Enable two APIs in Google Cloud Console:
- BigQuery Connection API
- Vertex AI API
Create an external connection:
Navigate to BigQuery, then External Connections, then Add Connection, then Vertex AI remote models. Give it a name (such as vertex_ai_connection) and match your dataset region. This matters for latency.
Grant the right permissions:
Copy the service account email that appears, head to IAM & Admin, and add the "Vertex AI User" role to that account. This is a common setup mistake. Without this role, every query fails with permission errors.
Create your remote model:
CREATE OR REPLACE MODEL `project.dataset.gemini_model`
REMOTE WITH CONNECTION `project.us.vertex_ai_connection`
OPTIONS (ENDPOINT = 'gemini-2.0-flash-001');
For Gemini 3.0 Pro:
OPTIONS (ENDPOINT = 'gemini-3-pro');
Once your model is set up, you can start running queries. Here's what's possible with BigQuery AI functions.

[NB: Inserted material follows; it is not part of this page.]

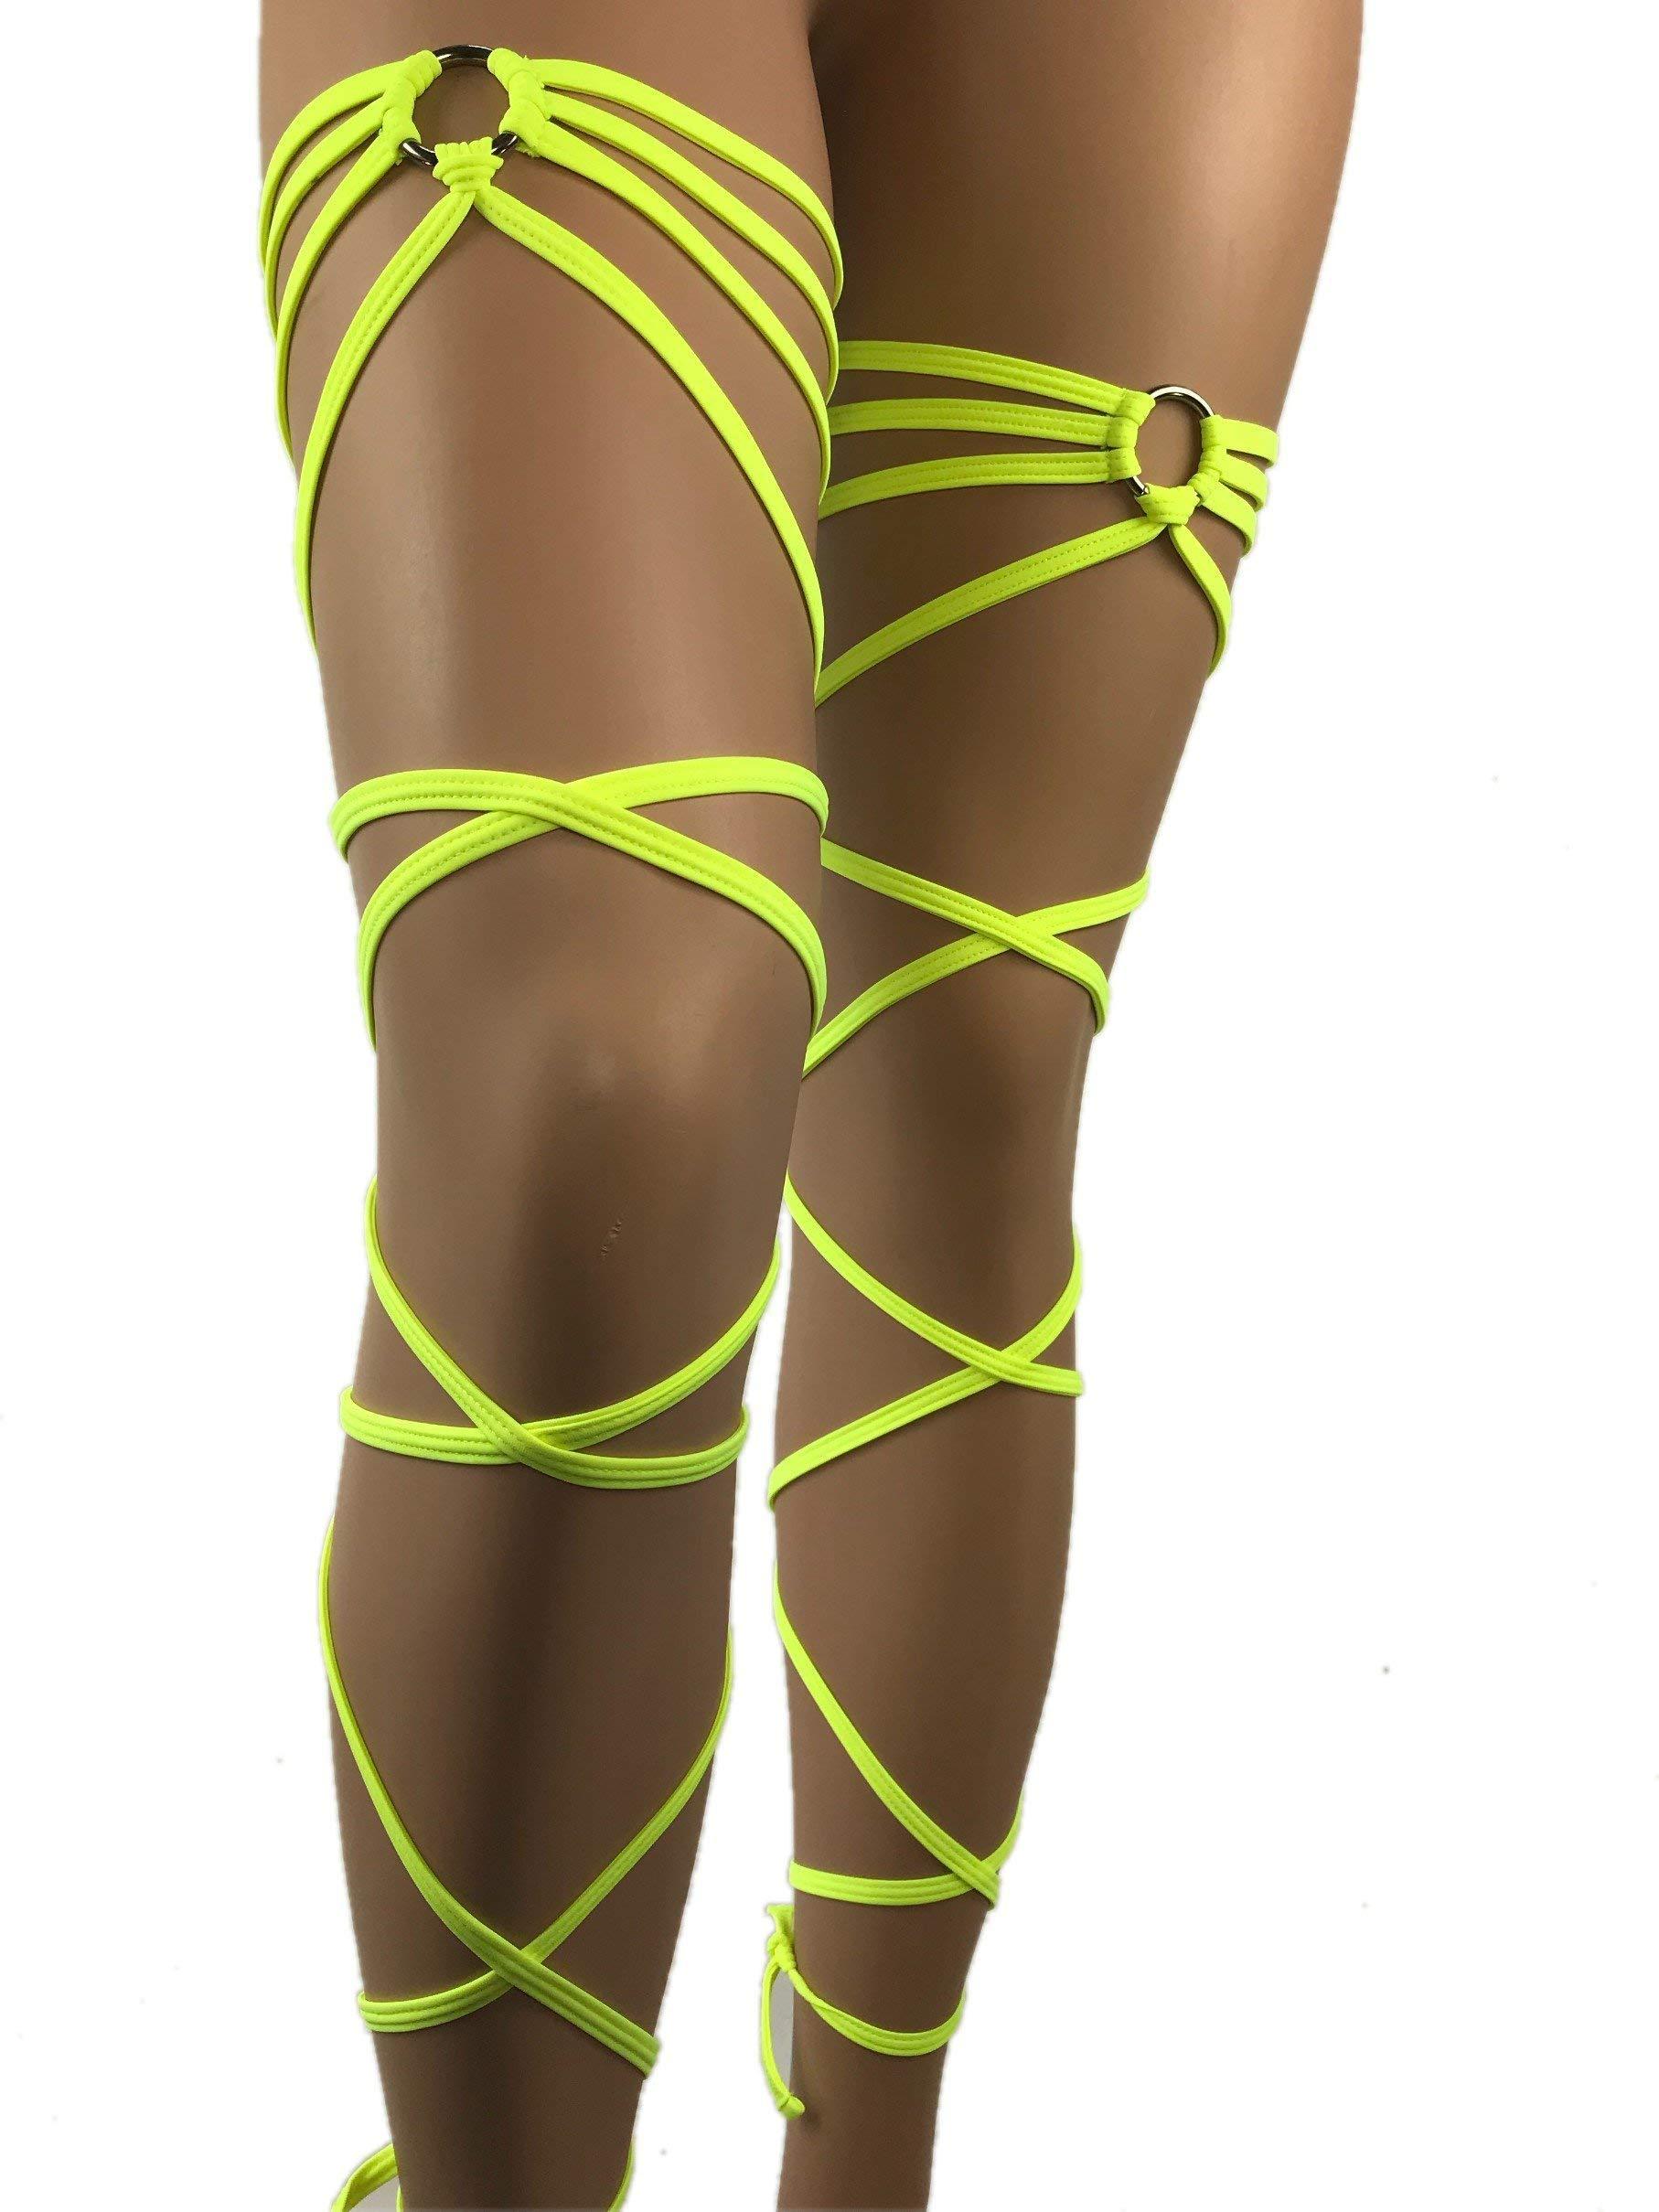 Exotic Dancewear Leg Wraps Rave neon glow UV Gartinis Garter Outfits Club Style Women's Intimates Rave Fashion Garter Club wear Rave Girl

7 Practical Marketing Queries
These seven use cases solve real marketing problems. Each example shows how to structure queries and what insights become available.
1. Classify Ad Headlines by Emotional Trigger
Say you have several thousand Google Ads headlines and want to understand which emotional triggers drive conversions. Manual tagging isn't realistic for that volume.
SELECT
headline,
clicks,
impressions,
AI.GENERATE(
MODEL `project.dataset.gemini_model`,
headline,
'Classify into one category: urgency, curiosity, benefit, neutral. Return only the category.'
) AS emotion_type
FROM `project.dataset.google_ads_headlines`
WHERE impressions > 1000
ORDER BY clicks DESC;
The query runs in minutes. In B2B campaigns, you might find that "curiosity" headlines outperform "urgency" angles significantly. The kind of pattern that remains hidden when manually reviewing thousands of variants.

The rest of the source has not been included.